The OpenFlow standard for creating software-defined networks is still in its infancy. It’s not clear whether or not it will gain market traction, said panelists at the event sponsored by market watcher The Linley Group (Mountain View, California)
OpenFlow is still being used in test beds, not production environments, said David Malicoat, a distinguished engineer with Hewlett-Packard’s switch group. Some of the standard’s features require processing and memory features not in today’s ASICs, and it’s not clear in the short term how OpenFlow will deliver on its promise of simpler, lower cost nets, he said.
Anshul Sadana, a senior vice president of customer engineering at switch maker Arista Networks, agreed. “It’s not easy to get away from the existing protocols–they exist for a reason,” he said. “It’s not clear where the OpenFlow solution will land, but there’s a lot of buzz about it so we can’t ignore it,” he said.

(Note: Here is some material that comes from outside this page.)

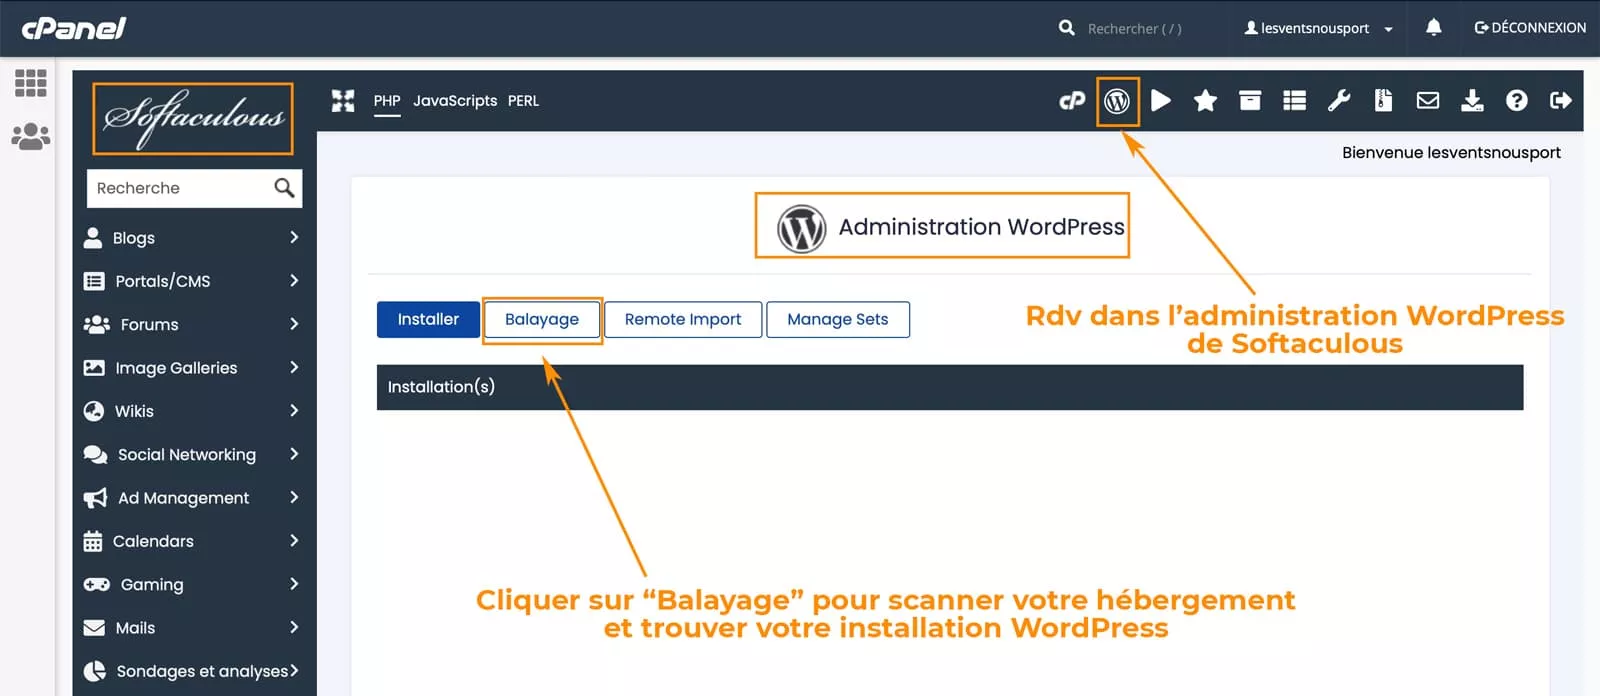 tutoriel refonte site wordpress 2 2 | Refonte d'un site WordPress => Tutoriel Complet

OpenFlow ultimately aims to replace a variety of specialized data center systems and protocols with software applications. But in the foreseeable future those appliances such as firewalls, security and traffic management systems form a robust market that is attracting chip vendors such as Cavium, Freescale, LSI and the Netlogic division of Broadcom, said Bob Wheeler, a senior analyst with Linley Group.
For its part, Cavium announced its Octeon III, a 2.5 GHz, 28 nm chip that will come in versions with up to 48 MIPS64 cores, sampling late this year. The company claims it delivers four times the performance of its existing part used in a wide range of systems including routers, switches and wireless base stations.
Meanwhile Freescale announced two 28 nm additions to its QorIQ family. The T4240 and T4160 processors use up to 12 and 16 dual-threaded e6500 Power cores respectively, and both are set to sample this summer.
Both companies’ chips support a broad list of hardware accelerators for security and other functions including data compression. Both also support a broad suite of interfaces including PCI Express Gen 3.
Meanwhile, systems vendors said the move to 40 Gbit links on network switches has started. “Some of largest data center companies have targeted 40G, and as a result the volumes have already picked up and the technology’s here to stay,” said Sadana of Arista.
“It’s been a much milder transition from 10G to 40G compared to one to 10G, and much less pain than going all the way to 100G,” said Malicoat of HP.